Первый выстрел раздался вскоре после полуночи. Хотя нападения ждали, но время шло, и напряжение спадало. Только полчаса назад прекратилась хора, так же внезапно, как началась, и те, кто не был в охране, в изнеможении завалились на свои тюфяки. Когда их разбудили выстрелы, им показалось, что только минуту назад они закрыли глаза. Они побежали к своим постам, еще не очнувшись от сна, но невольно пригибая головы. После первой очереди наступила тишина: бойцы в блиндажах получили приказ стрелять только при виде нападающих, а в настоящий момент не видно было никого. Сложность заключалась в том, что у холма была неправильная форма: он был похож на спину верблюда, но не с двумя, а с тремя горбами. Лагерь находился на верхушке южной возвышенности, два других были впереди, с «головой» верблюда на севере. По этой причине они вырыли два блиндажа с северной стороны и только по одному для каждой из остальных трех сторон. Северный блиндаж был самый глубокий. Перед ним была натянута колючая проволока, и сразу за ней земля уходила вниз, в пустоту, а за пустотой, на расстоянии менее 100 метров, подымался второй «горб», и еще через 100 метров — третий. Каждый «горб» был высотой около двадцати метров, — достаточной, чтобы прикрыть и защитить нападающих. Бауман подумывал о том, чтобы расставить наблюдателей и на остальных двух буграх, но отбросил эту мысль: времени, чтобы их укрепить, не оставалось, аванпосты же, открытые со всех сторон, будут уничтожены немедленно.

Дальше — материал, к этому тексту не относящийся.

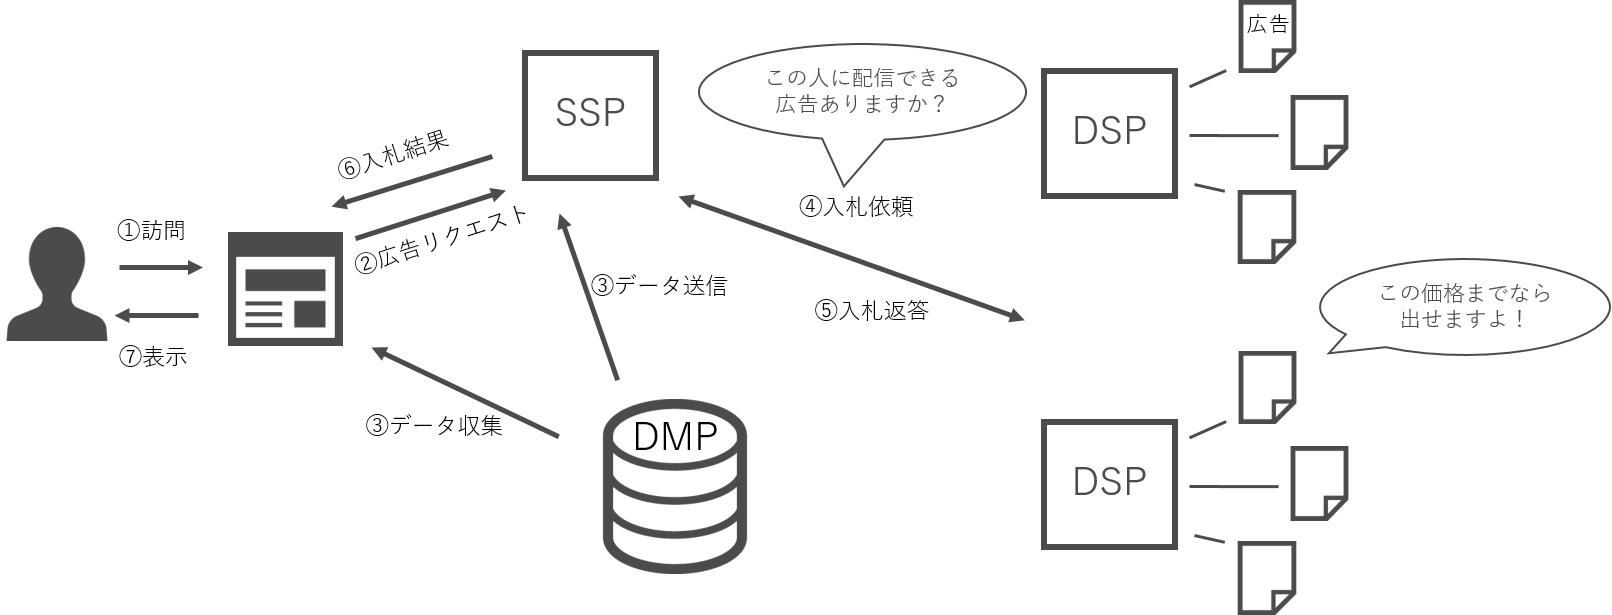 DMPのイメージ図

Как можно было предполагать, выстрелы прозвучали с севера, из-за второго или третьего бугра. Через час должна была взойти луна, но небо оставалось укрыто плотными облаками. Луч прожектора медленно полз по второму бугру, скользил над пропастью, иногда задерживаясь на подозрительных зарослях чертополоха и верблюжьей колючки, которые росли из скал, как безобразные кусты волос на бородавках. Но за скалы луч проникнуть не мог, не мог он также осветить трещины и щели между камнями и только заполнял их резкими, дрожащими тенями, тревожа воображение бойцов. Бауман и другие командиры Хаганы давно знали, что пресловутые прожектора на сторожевых вышках оказывают чисто психологический эффект, что на самом деле они мало пригодны для обнаружения снайперов, умеющих использовать каждый выступ, каждую щель в почве.
Затишье продолжалось минуту. Затем луч прожектора еще раз прошелся вокруг холма, проверяя, не таится ли угроза сбоку или сзади, и спустя несколько секунд в наступившем мраке с севера раздались новые выстрелы. На этот раз северные блиндажи и соединяющие их траншеи были заполнены людьми, и защитники увидели вокруг соседнего холма вереницу ружейных вспышек, похожих на огни святого Эльма. Бауман приказал открыть огонь. Двадцать винтовок выпустили довольно нестройную серию выстрелов. Большинство бойцов впервые стреляли по живой цели.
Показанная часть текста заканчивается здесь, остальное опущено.